What Sanjiv’s insight highlights is one of the top challenges many organizations experience. Many of them have the data, but it is not accessible and it is not visible. This lack of transparency is a difficult obstacle to overcome.
However, there is also a second challenge, which is using the data and combining it with external data to make better business decisions for critical value. The word ‘manufacturing’ could be heard time and time again throughout the webinar in reference to data. The manufacturing process is the gathering of information about the consumer that ultimately becomes your customer: being able to do this at a low cost relative to your competitors and peers is where true value will be recognized. All participants recognized the value of being able to use the tools at their disposal to become lower cost producers of their products, and in gathering customers in the most cost-effective way.
It’s difficult to separate data and analytics from one another in any discussion, but it was apparent that our panelists saw both the value in having data available, and the complexities associated with analysing that data. Mere accumulating data on borrowers and property is not enough. Effective utilization of data is crucial. Enabling this would require knowledge on where to apply the data and what tools are to be provided to the underwriters and processors, which makes it important to invest in such tools and making their organizations ready for data to be deployed.

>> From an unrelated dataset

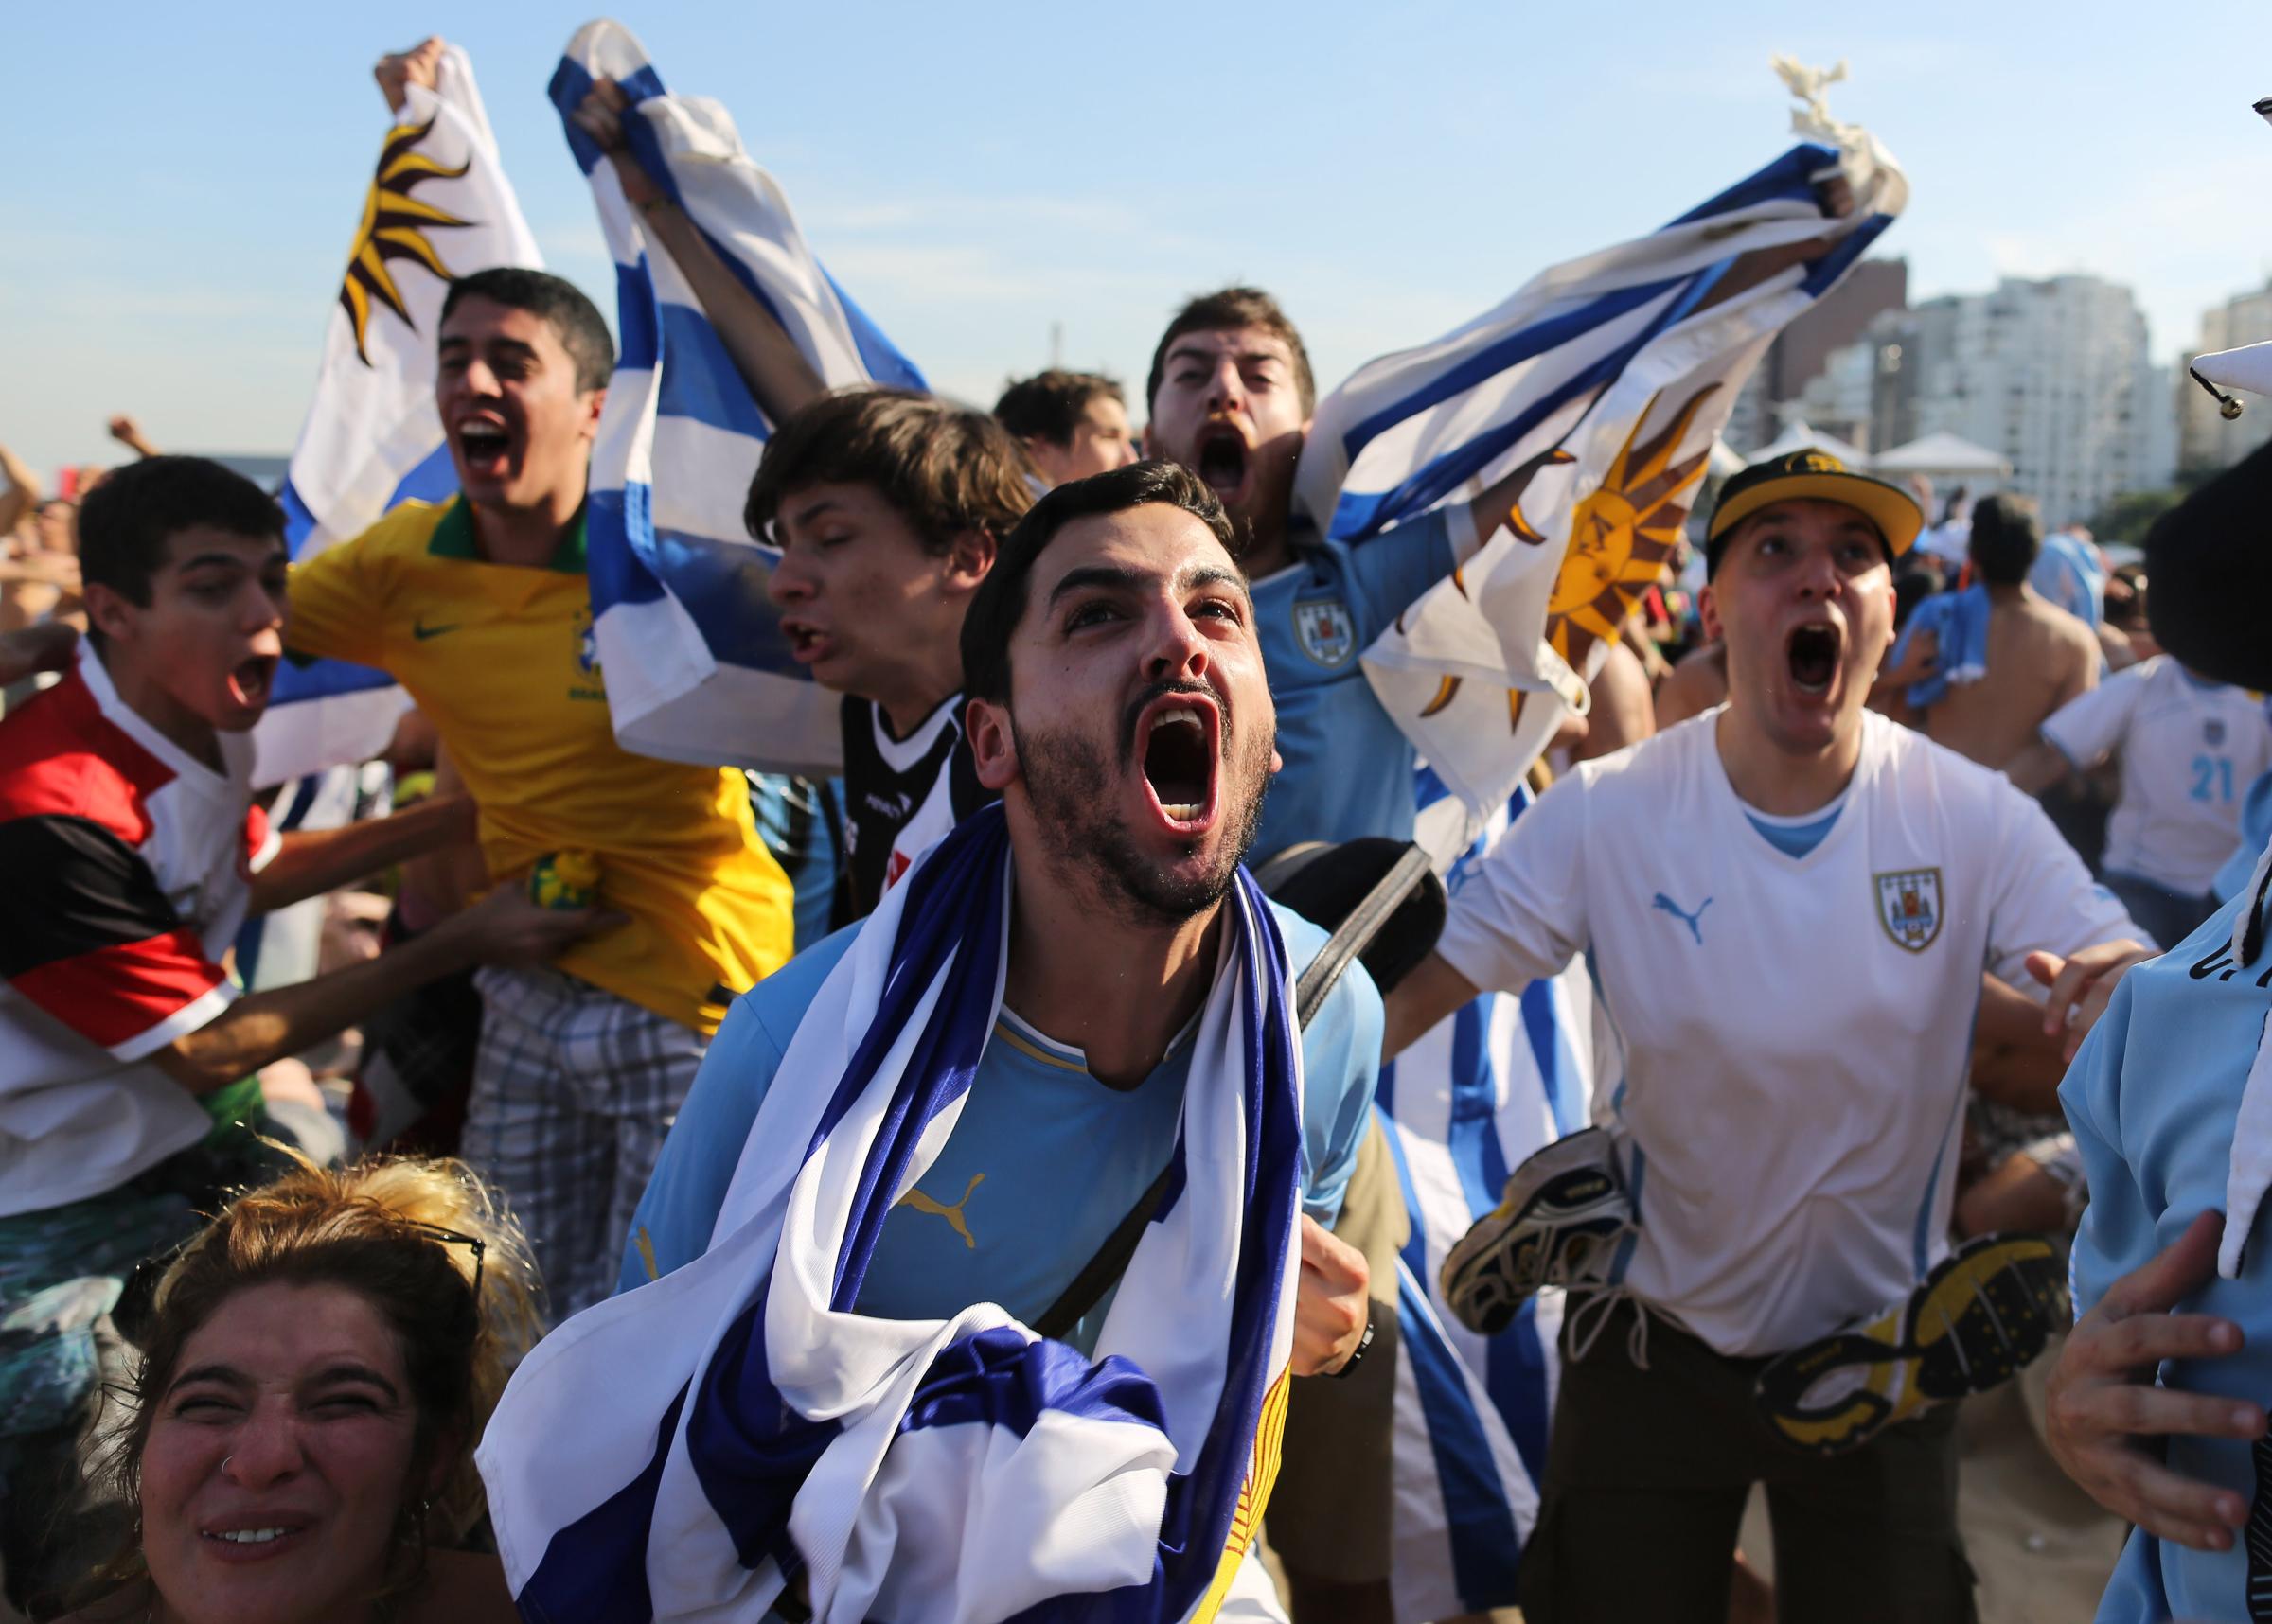 Uruguay soccer fans celebrate their team's goal against Italy as they watch the World Cup game on a live telecast inside the FIFA Fan Fest area on Copacabana beach in Rio de Janeiro on June 24, 2014.

Building a Sustainable Operating Model for 2021 and Beyond
Our panel explored the use of AI and Machine Learning in depth, discussing the fine balancing act of attempting innovation at scale on loans that are securitized through government agencies. However, even within these confined parameters, success has been achieved and attaining existing customers has shown that AI and automation-driven efficiencies are worth it.
Measured steps towards operational model efficiency were common among the panelists. All agreed that the mortgage lending industry is ready for the adoption of better data analytics technology in order to keep up continued momentum for lenders to become low-cost producers, so that they can scale up and scale down in a business that is highly cyclical.
However, to truly succeed, regulators also need to get on board and adopt the same technology. This will make the industry much more sustainable, and more effective. While it’s been a complicated 12-months for the mortgage industry, we are optimistic about the possibilities for the future, and look forward to seeing our lenders develop further as the low-cost producers of the future.